Work request: Repeat the listing exactly. Do not carry over any pictures.

Recorded data:
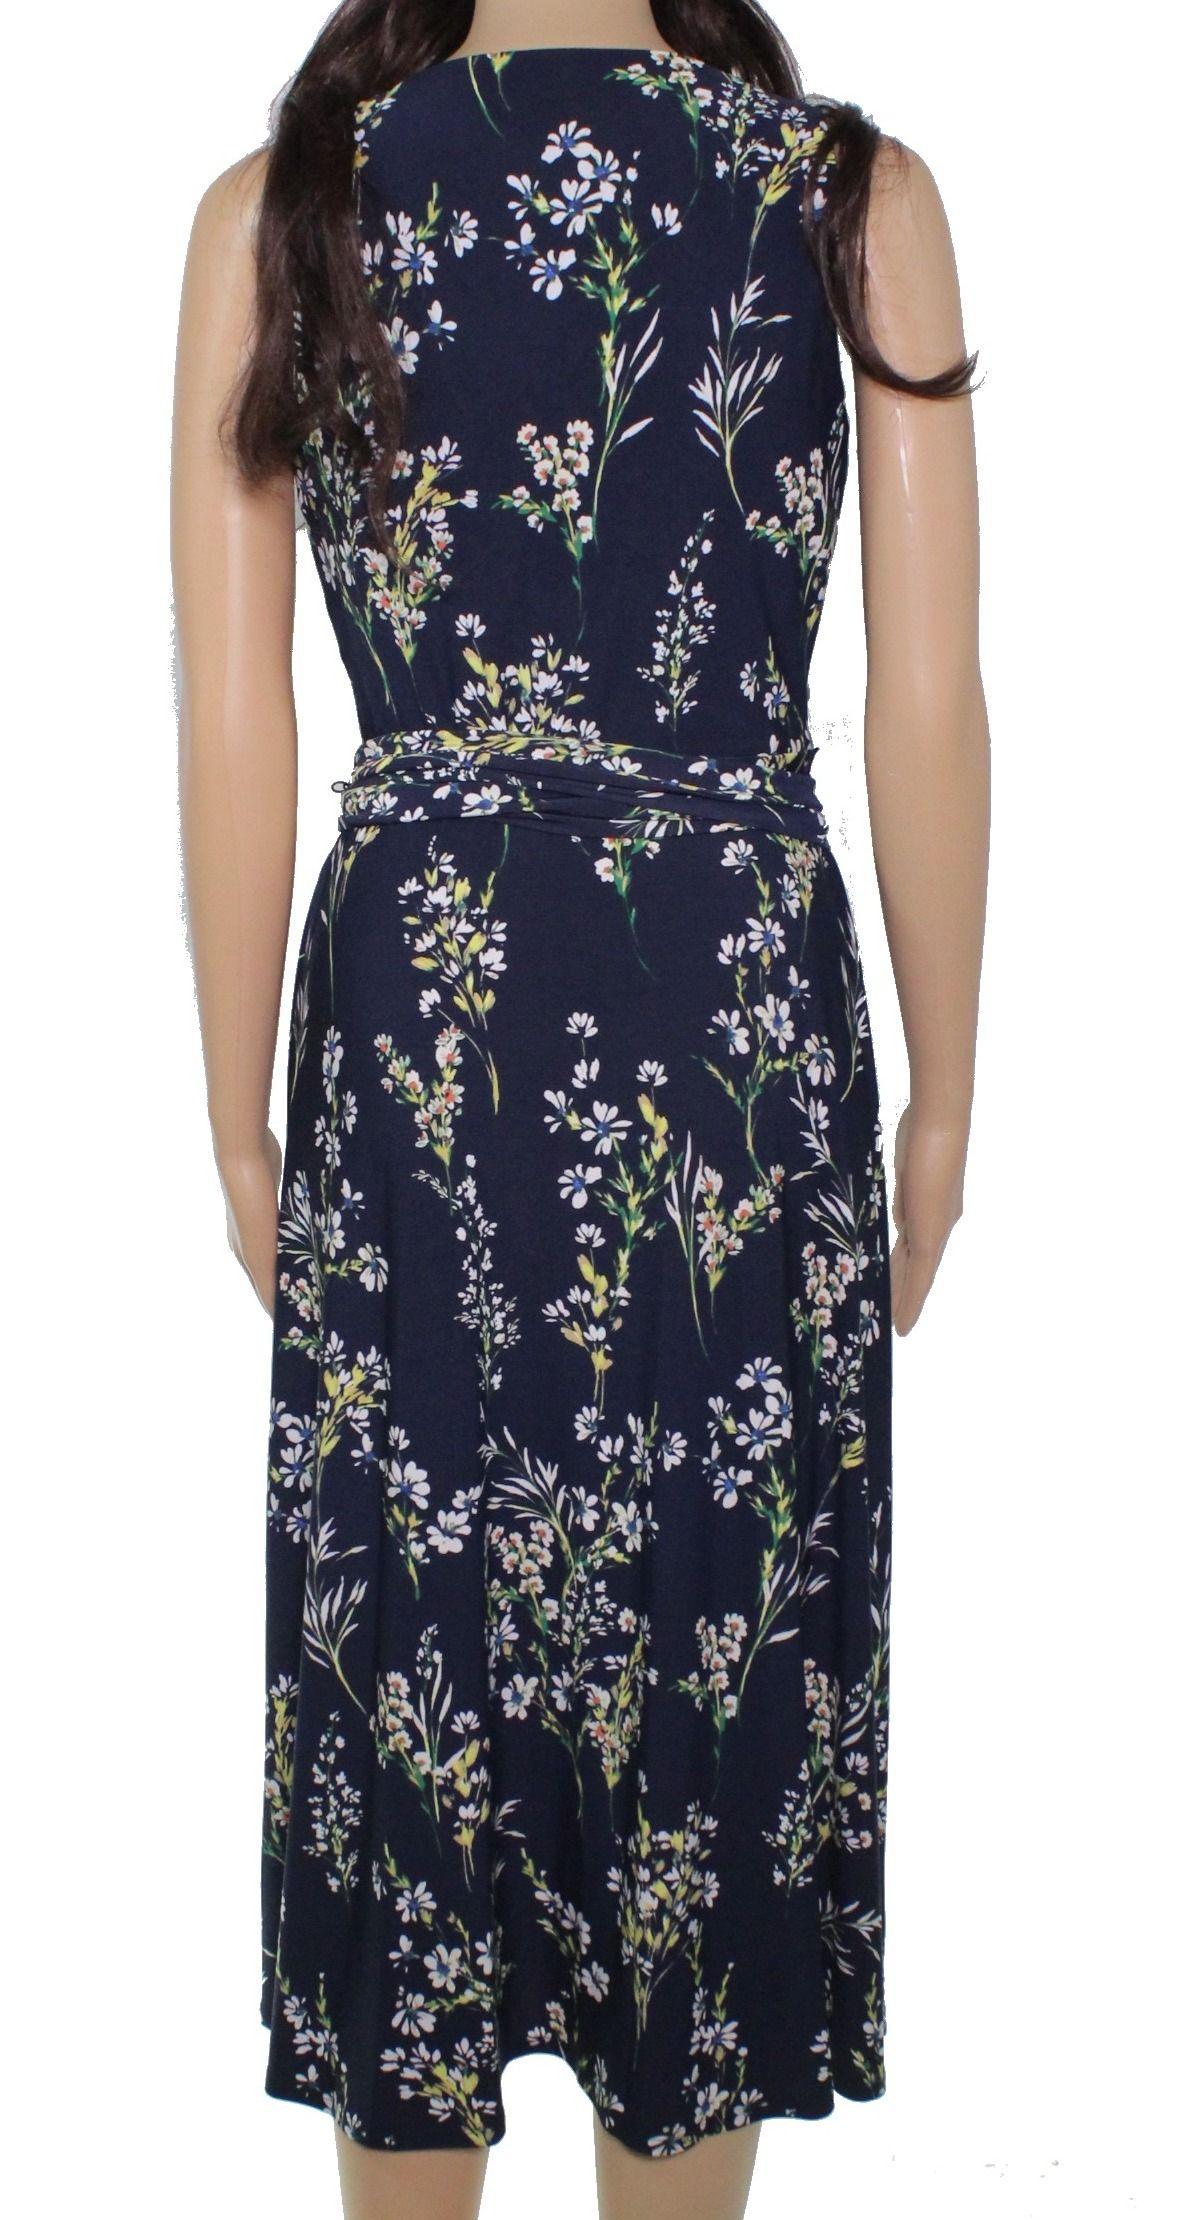 Lauren By Ralph Lauren Women's A-Line Dress Blue Size 8 Floral V-Neck
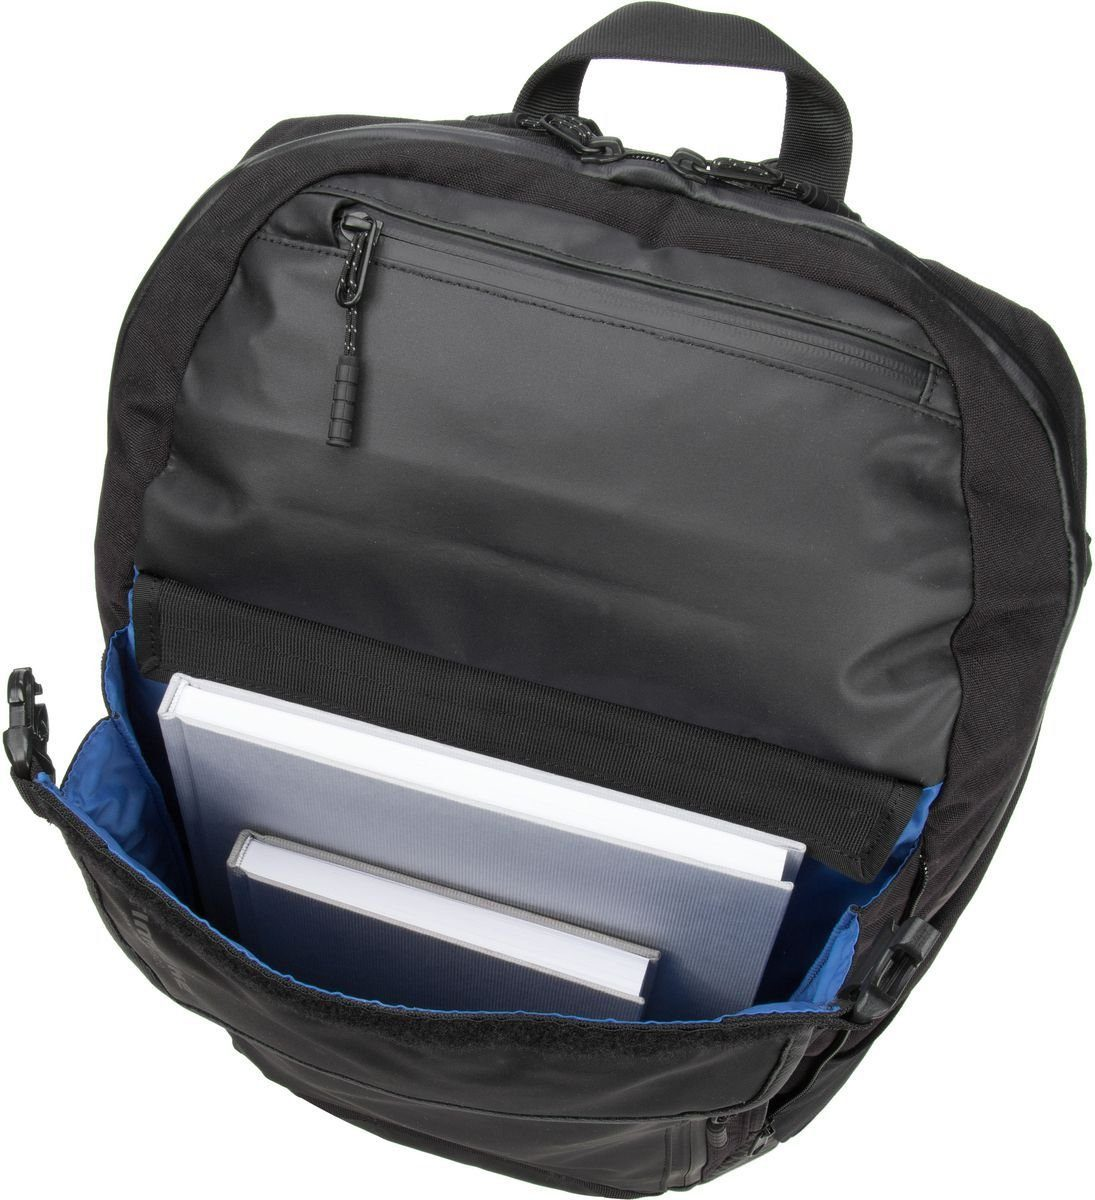 Backpack« Timbuk2 Medio Timbuk2 Laptoprucksack »especial »especial Laptoprucksack rFYFHqBw
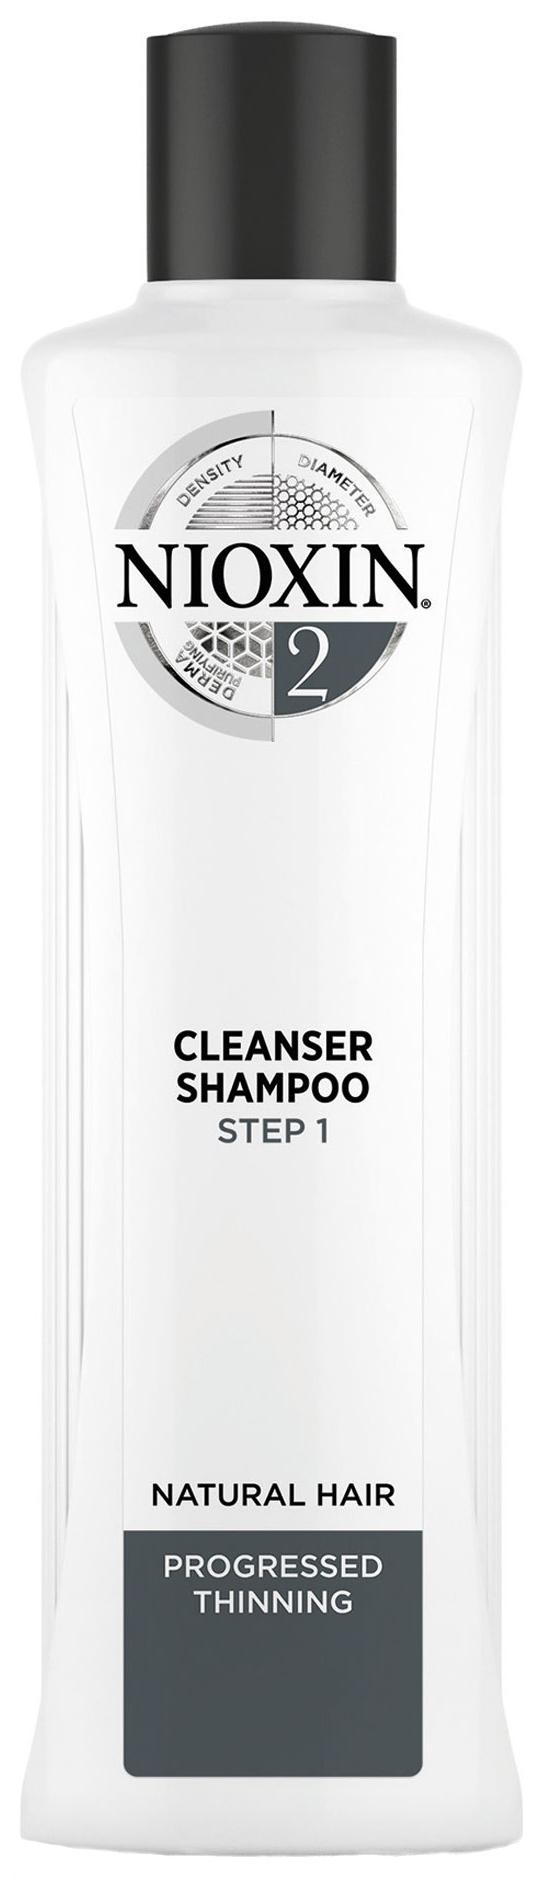 Купить Шампунь Nioxin System 2 Cleanser Shampoo 1000 мл, Cleanser Shampoo Система 2
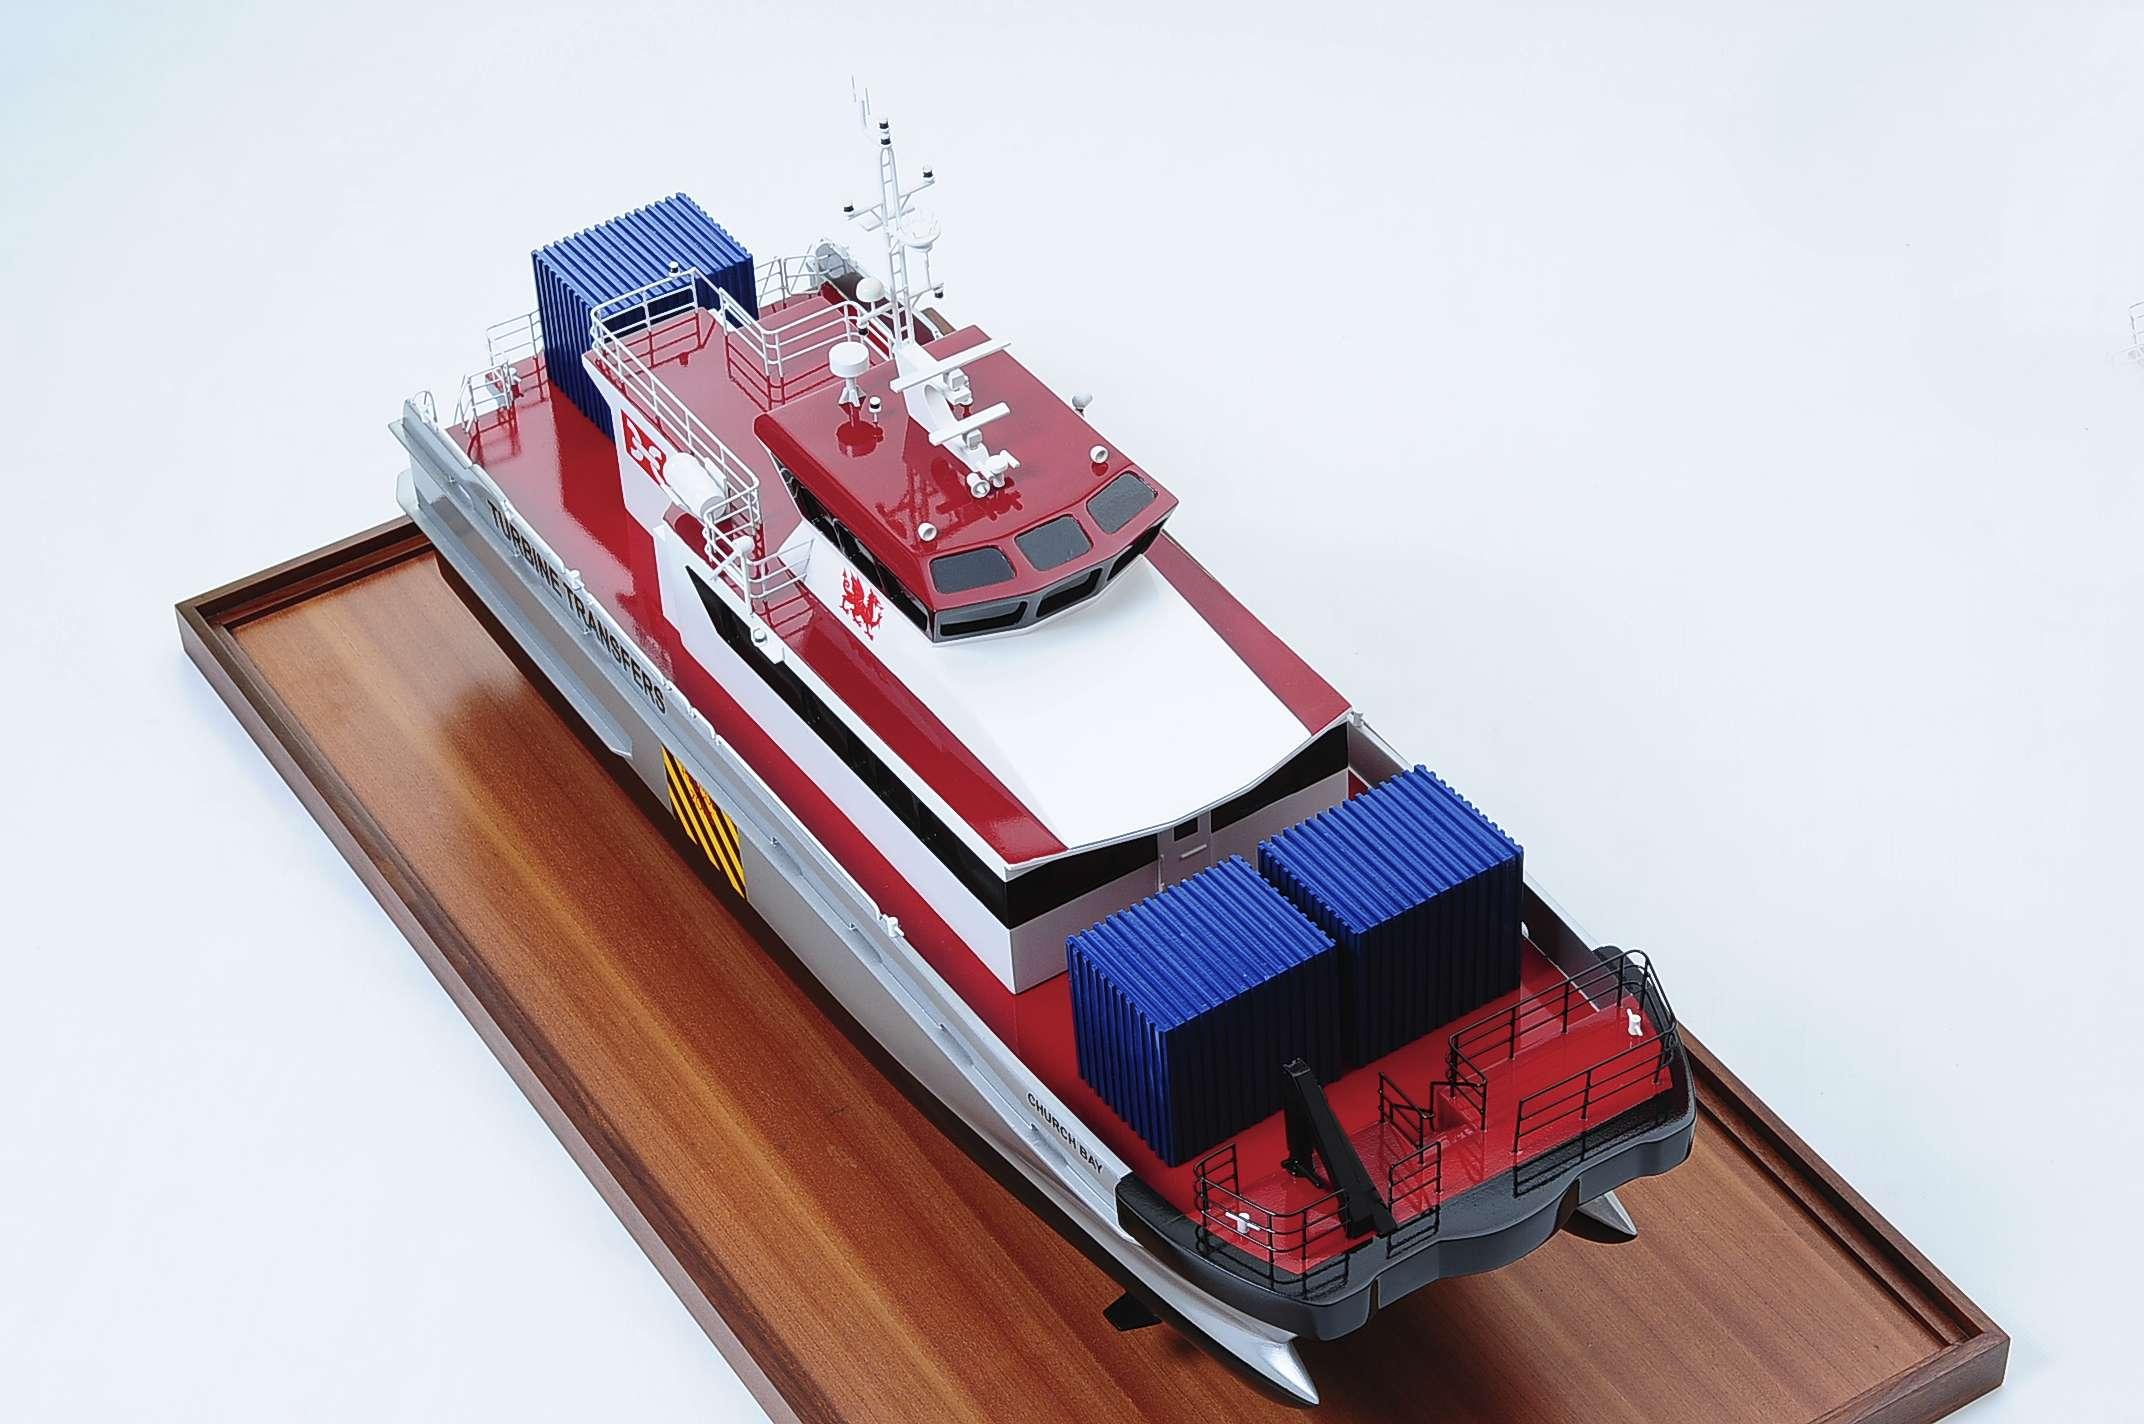 1439-4930-Turbine-Transfer-Catamaran-Model

Result of this exercise:
 Lauren By Ralph Lauren Women's A-Line Dress Blue Size 8 Floral V-Neck
 Backpack« Timbuk2 Medio Timbuk2 Laptoprucksack »especial »especial Laptoprucksack rFYFHqBw
 Купить Шампунь Nioxin System 2 Cleanser Shampoo 1000 мл, Cleanser Shampoo Система 2
 1439-4930-Turbine-Transfer-Catamaran-Model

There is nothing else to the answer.